DIE GESCHICHTE HINTER DEM MINI-MECP2

January 10, 2023
Im Mai 2022 machte Taysha Gene Therapies die aufregende Ankündigung, dass sie eine klinische Studie der Phase 1/2 zur Gentherapie des Rett-Syndroms beginnen werden. Ihr Plan, MeCP2 im Nervensystem wiederherzustellen, indem sie das funktionelle Protein in Zellen einführen, denen es fehlte, war eine willkommene Entwicklung im Kampf um eine Rett-Heilung. Kurz darauf kündigte Neurogene an, dass sie ebenfalls eine Gentherapie für das Rett-Syndrom erproben wollen. Bei dieser Art des Gen-„Ersatzes“ wird ein Virus eingesetzt, um ein funktionsfähiges MECP2-Gen in das Gehirn einzuschleusen. Eine Besonderheit der Taysha-Studie besteht darin, dass nicht die gesamte kodierende MeCP2-Sequenz verwendet wird, sondern eine gekürzte Version, die viel kürzer ist. Dieser Artikel erklärt, wie das „Mini-MeCP2“ zustande kam. (Hinweis: Ich habe nichts mit Taysha oder der vorgeschlagenen Studie zu tun).
Als meine Forschungsgruppe auf die Idee mit dem Mini-MeCP2 kam, dachten wir nicht in erster Linie an einen therapeutischen Vektor, sondern eher daran, herauszufinden, wie das MeCP2-Protein tatsächlich funktioniert. Alle menschlichen Proteine haben sich so entwickelt, dass sie Funktionen erfüllen, die zu einem gesunden Individuum beitragen. MeCP2 ist da keine Ausnahme, aber es war nicht einfach, herauszufinden, was es genau tut. Verlockende Hinweise ergaben sich aus der Betrachtung der Mutationstypen, die die Krankheit verursachen. Zum Hintergrund: Proteine bestehen aus Ketten von Aminosäuren, von denen es 20 verschiedene Arten gibt. Damit das Protein richtig funktioniert, müssen die richtigen Aminosäuren in genau der richtigen Reihenfolge angeordnet sein. Mutationen bringen diese Reihenfolge durcheinander, entweder auf diskrete Weise, indem sie eine Aminosäure in der Kette durch die falsche ersetzen, oder auf drastische Weise, indem sie den Verlust von Teilen der Kette verursachen.

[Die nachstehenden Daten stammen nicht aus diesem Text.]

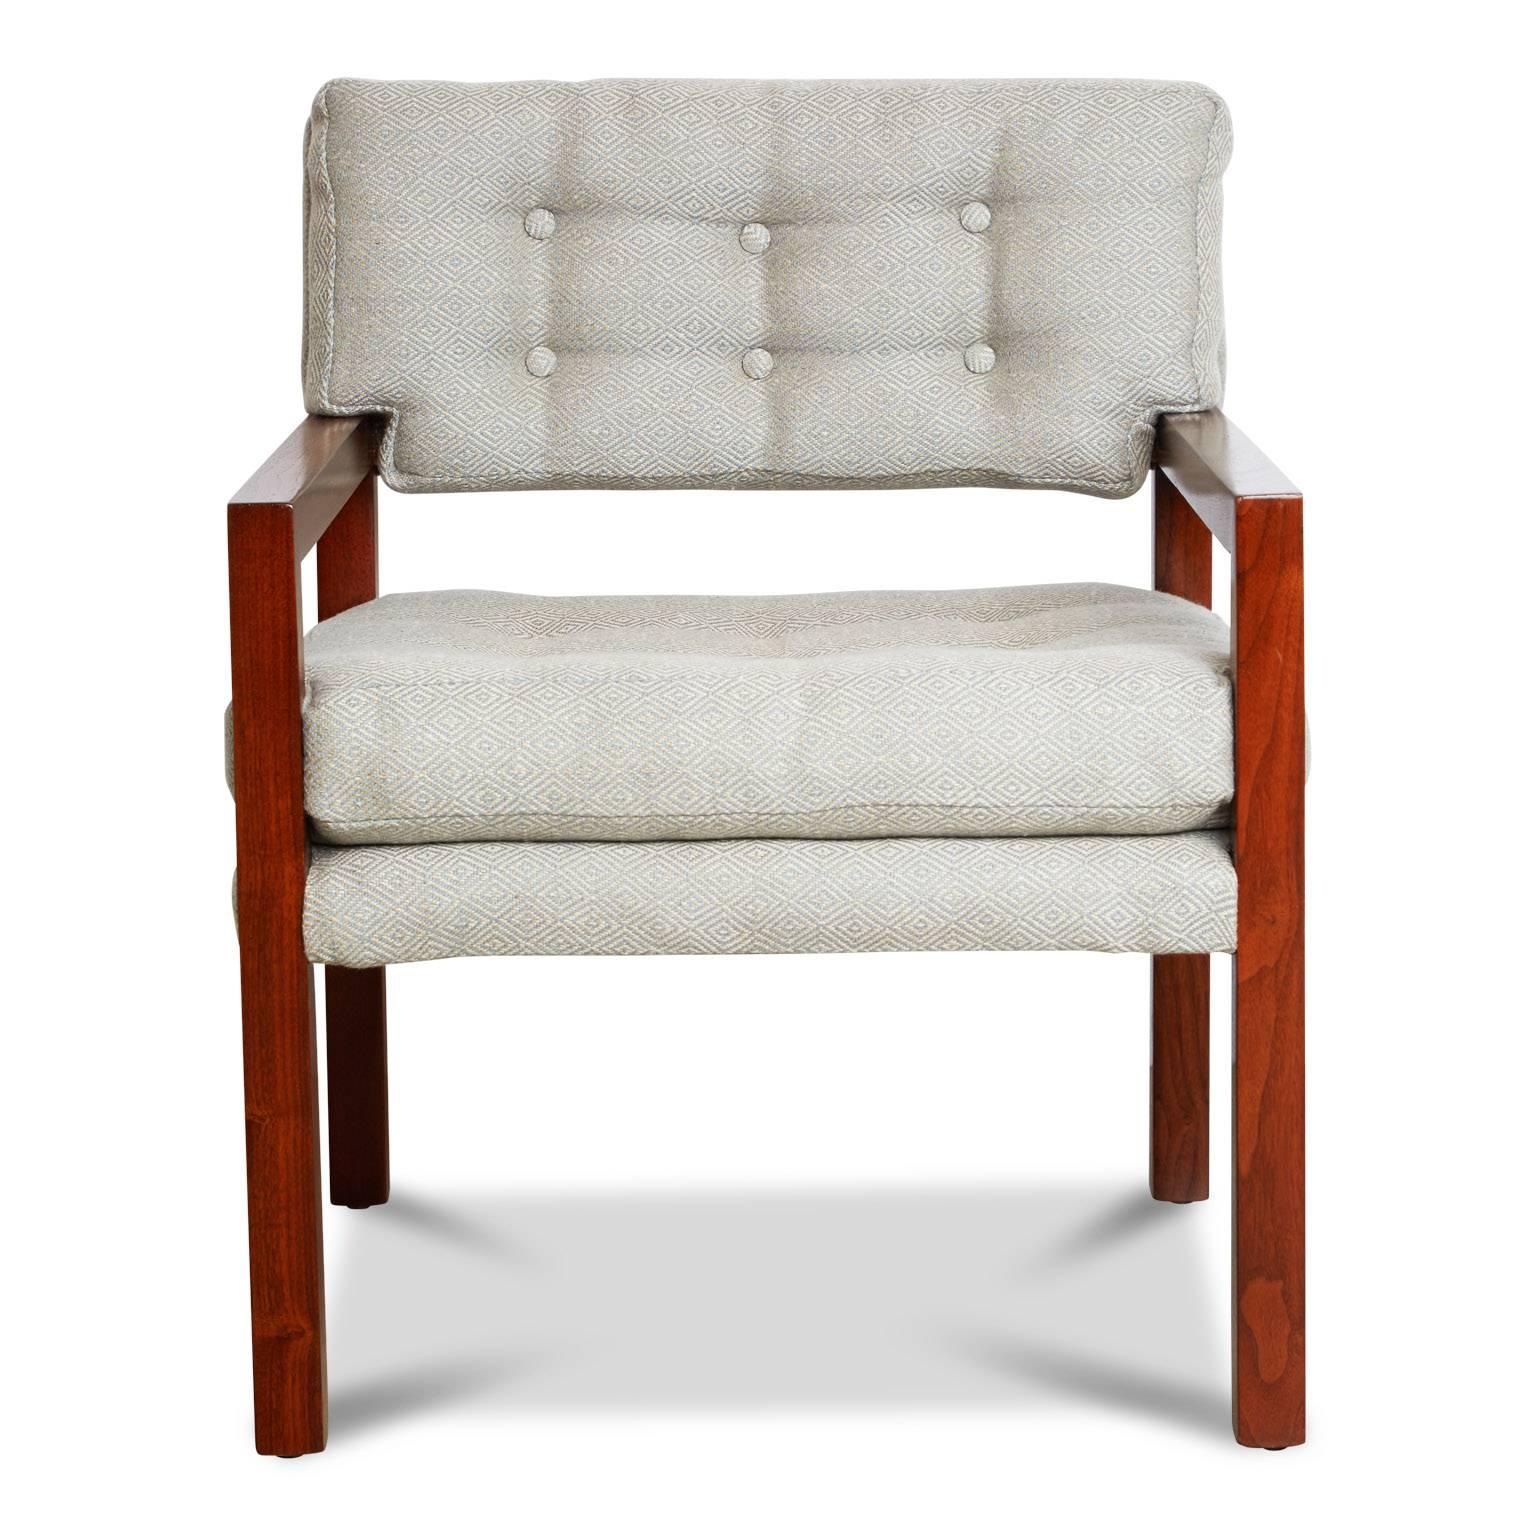 Pair of solid walnut framed armchairs recently refinished in satin lacquer as well as being newly upholstered and button tufted using a light blue and cream woven geometric fabric. 

These graceful armchairs would be ideal in a living room, study,

Unabhängig davon, ob es sich um diskrete oder drastische Mutationen handelt, ist das Endergebnis dasselbe: ein ernsthafter Mangel an funktionierendem MeCP2, der zum Rett-Syndrom führt.
Kein Protein agiert allein, daher besteht eine Möglichkeit, die Funktion zu verstehen, darin, nach Partnern zu suchen, die mit ihm zusammenarbeiten. Im Fall von MeCP2 wussten wir schon lange, dass einer seiner Partner die DNA ist – insbesondere methylierte DNA. Im Jahr 2013 fand Matt Lyst, Mitglied des Labors, einen zweiten wichtigen Partner: einen riesigen Multiproteinkomplex namens NCoR. Mithilfe der Biochemie konnten wir diese beiden Interaktionsdomänen auf einzelne Regionen der MeCP2-Proteinkette eingrenzen, die wir MBD (Methyl-CpG Binding Domain) bzw. NID (NCoR Interaction Domain) nannten. Entscheidend ist, dass die große Mehrheit der Rett-Mutationen eine oder beide dieser Domänen inaktiviert. Besonders aufschlussreich waren die subtilen Rett-verursachenden Mutationen, die auf Aminosäuren in der Kette hinweisen, die überhaupt nicht verändert werden können. Unsere Ergebnisse legten eine einfache Hypothese nahe, um zu erklären, was MeCP2 tut: Es dient als Brücke zwischen DNA-Methylierungsstellen im Genom und dem NCoR-Corepressor. Mit anderen Worten: Es rekrutiert NCoR an die genomische DNA von Gehirnzellen – insbesondere von Neuronen, in denen MeCP2 besonders häufig vorkommt. Mutationen, die eines der beiden Enden der MeCP2-Brücke unterbrechen, verhindern die Rekrutierung, was zum Rett-Syndrom führt (siehe Cartoon unten).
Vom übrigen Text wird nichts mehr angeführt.